Law 22 · Instruction & Output
Show, Don't Tell
When prose fails, stop writing prose.

The principle
If an instruction has produced the wrong result twice, writing it a third time — more precisely — rarely helps, because prose is always interpretable. Two or three concrete input/output examples eliminate the ambiguity that no amount of careful description can. Examples demonstrate the rule; prose only describes it.
Why it happens
Large models perform in-context learning: they infer the intended mapping from a handful of input-output demonstrations rather than from a verbal description, an ability that emerged prominently at the GPT-3 scale where few-shot examples sharply outperformed zero-shot instructions on many tasks. Prose underdetermines the rule because natural language is inherently ambiguous, whereas concrete examples pin the decision boundary, especially for edge cases and the leave it blank cases that words struggle to convey. The lever is real but blunt: example order alone can swing accuracy from near state-of-the-art to near chance, so demonstrations are powerful precisely because the model leans on them heavily. That sensitivity is the flip side of why a third rewrite of the instruction rarely helps while two or three sharp examples usually do.
Watch for
- You have rewritten the same instruction two or three times and the output is still wrong in the same way.
- The model handles the typical case but mangles edge cases the prose tried to describe in the abstract.
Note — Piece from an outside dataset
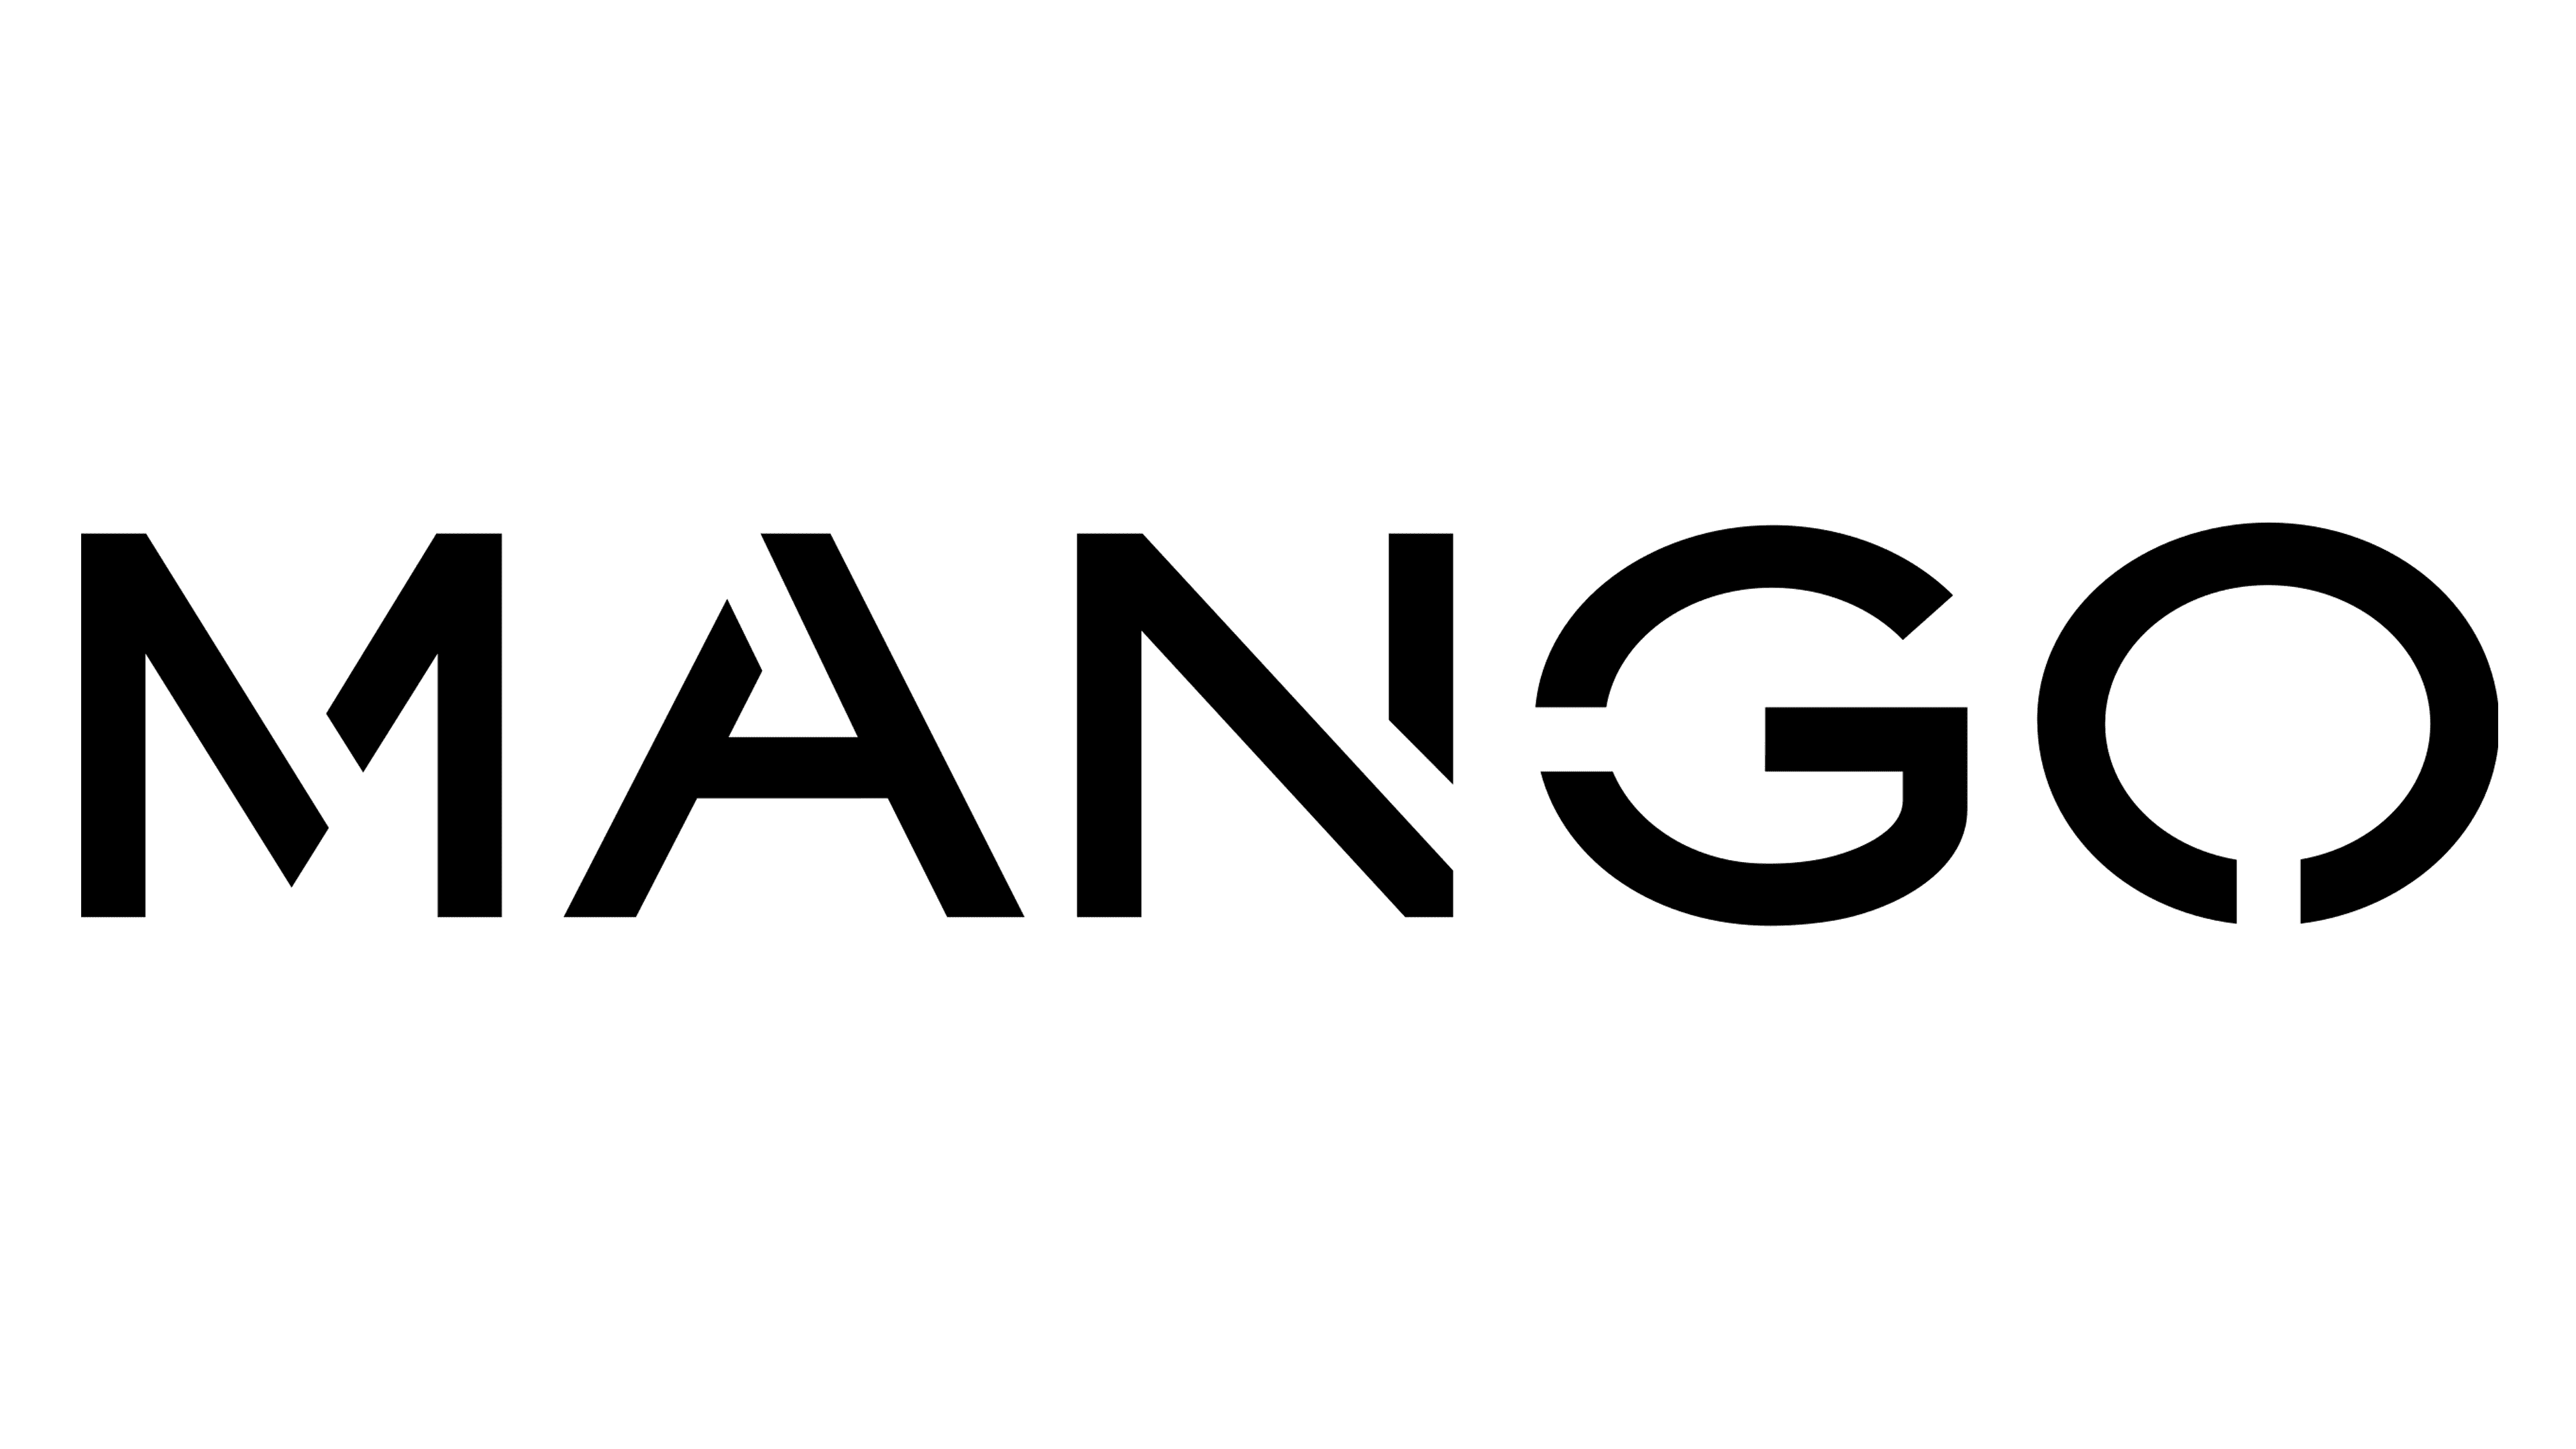 723 Mango Logo Text Images, Stock Photos, 3D objects, & Vectors |  Shutterstock

- Reviewers keep disagreeing about what the instruction actually means, which means the model cannot resolve it either.
In practice
Your extraction agent keeps formatting phone numbers inconsistently, so you rewrite the instruction a third time: 'normalize to E.164, strip extensions, handle missing area codes gracefully.' It still botches the edge cases. Stop adding adjectives to prose. Drop in four labeled examples instead: '(555) 123-4567' to '+15551234567', 'ext. 12' to dropped, 'unknown' to null, an international number with a country code. The examples pin down exactly what 'gracefully' meant, which no amount of careful description ever could.
Apply it
- Replace failed prose with two or three labeled input-output examples that demonstrate the exact rule.
- Include the hard cases explicitly: edge cases, the empty or null case, and a near-miss that should be rejected.
- Vary or shuffle example order when testing, since order alone can shift results, and keep the examples consistent in format.
The takeaway
When results are inconsistent, switch from describing to demonstrating. Show worked examples — especially the edge cases and the 'leave it blank' cases — and let the model generalize from them.